*TRY IT*: Without the images, reproduce each line of the material exactly.

*DATA EXCERPT*:
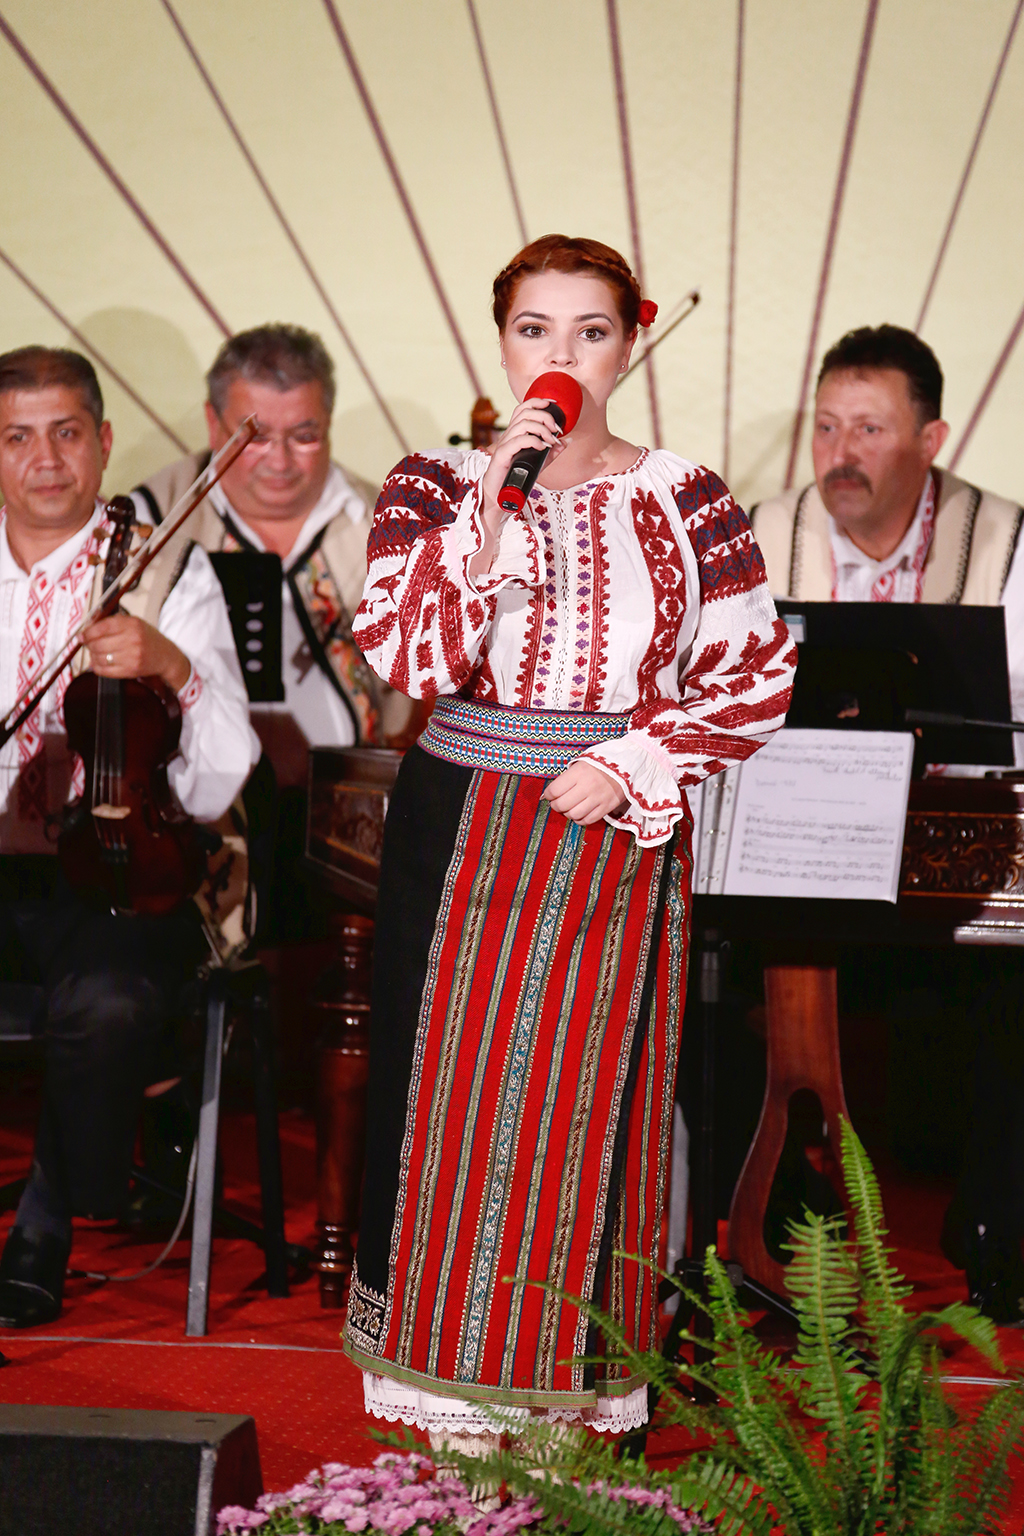 Mentiune - Diana Ioana Stefanescu, Buzau
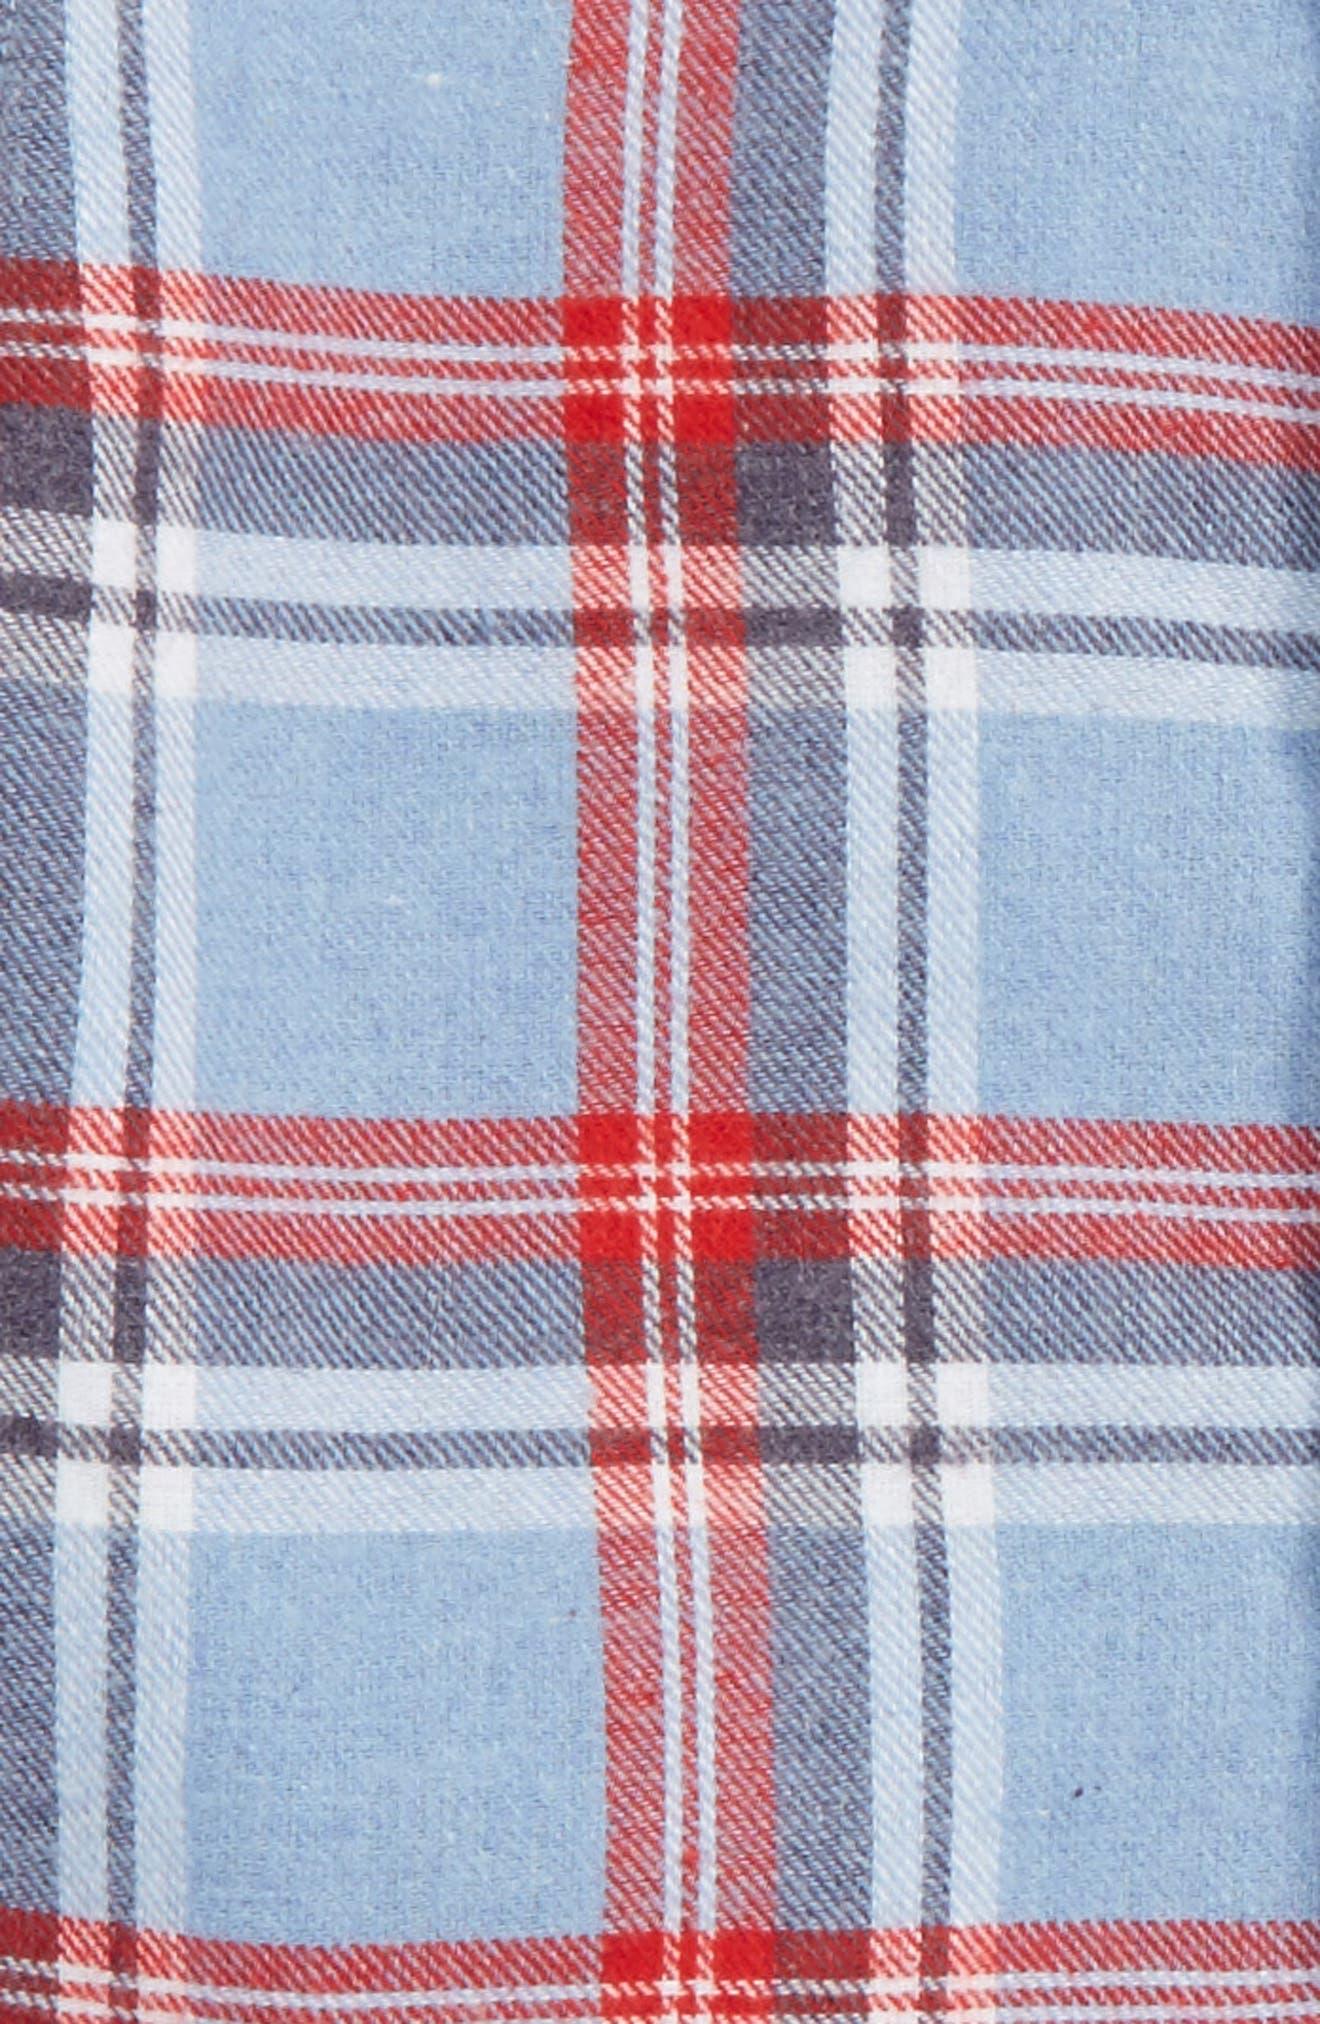 Alternate Image 2  - Andy & Evan Plaid Flannel Shirt (Toddler Boys & Little Boys)
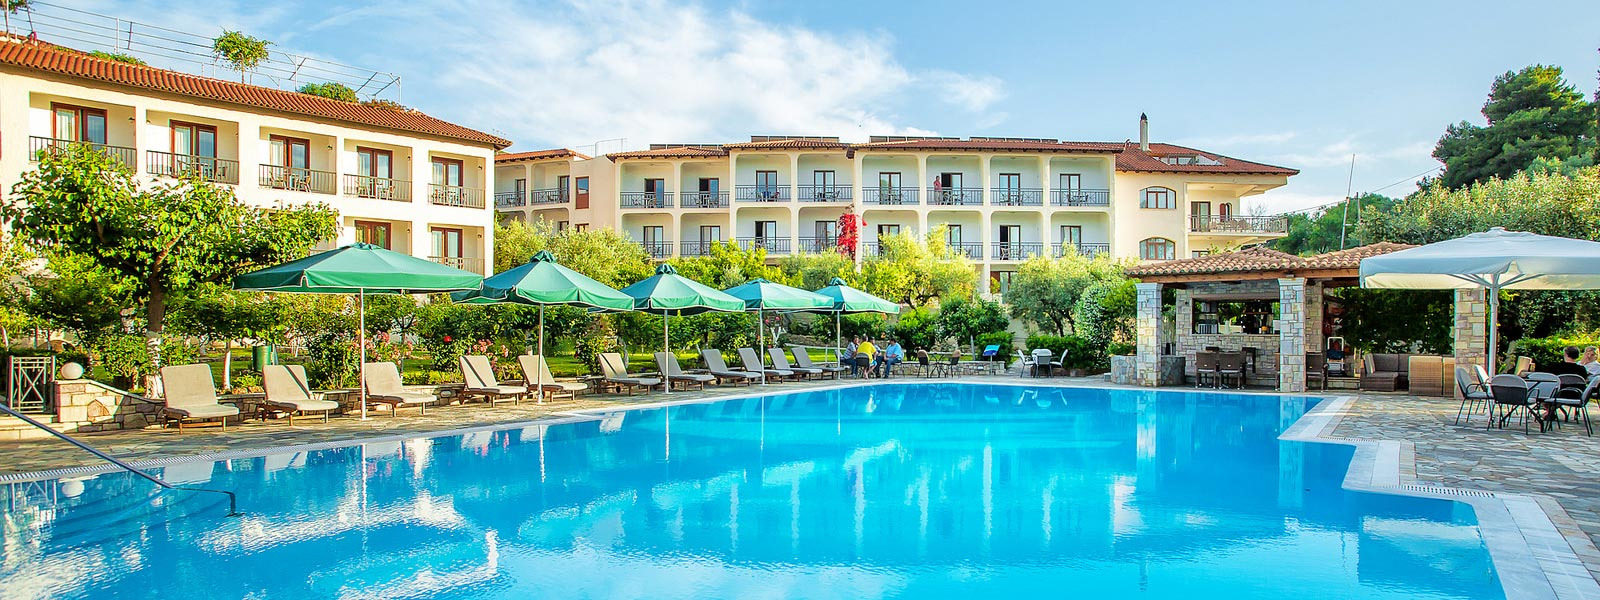 Europa Hotel Olympia

*TASK RESPONSE*:
 Mentiune - Diana Ioana Stefanescu, Buzau
 Alternate Image 2  - Andy & Evan Plaid Flannel Shirt (Toddler Boys & Little Boys)
 Europa Hotel Olympia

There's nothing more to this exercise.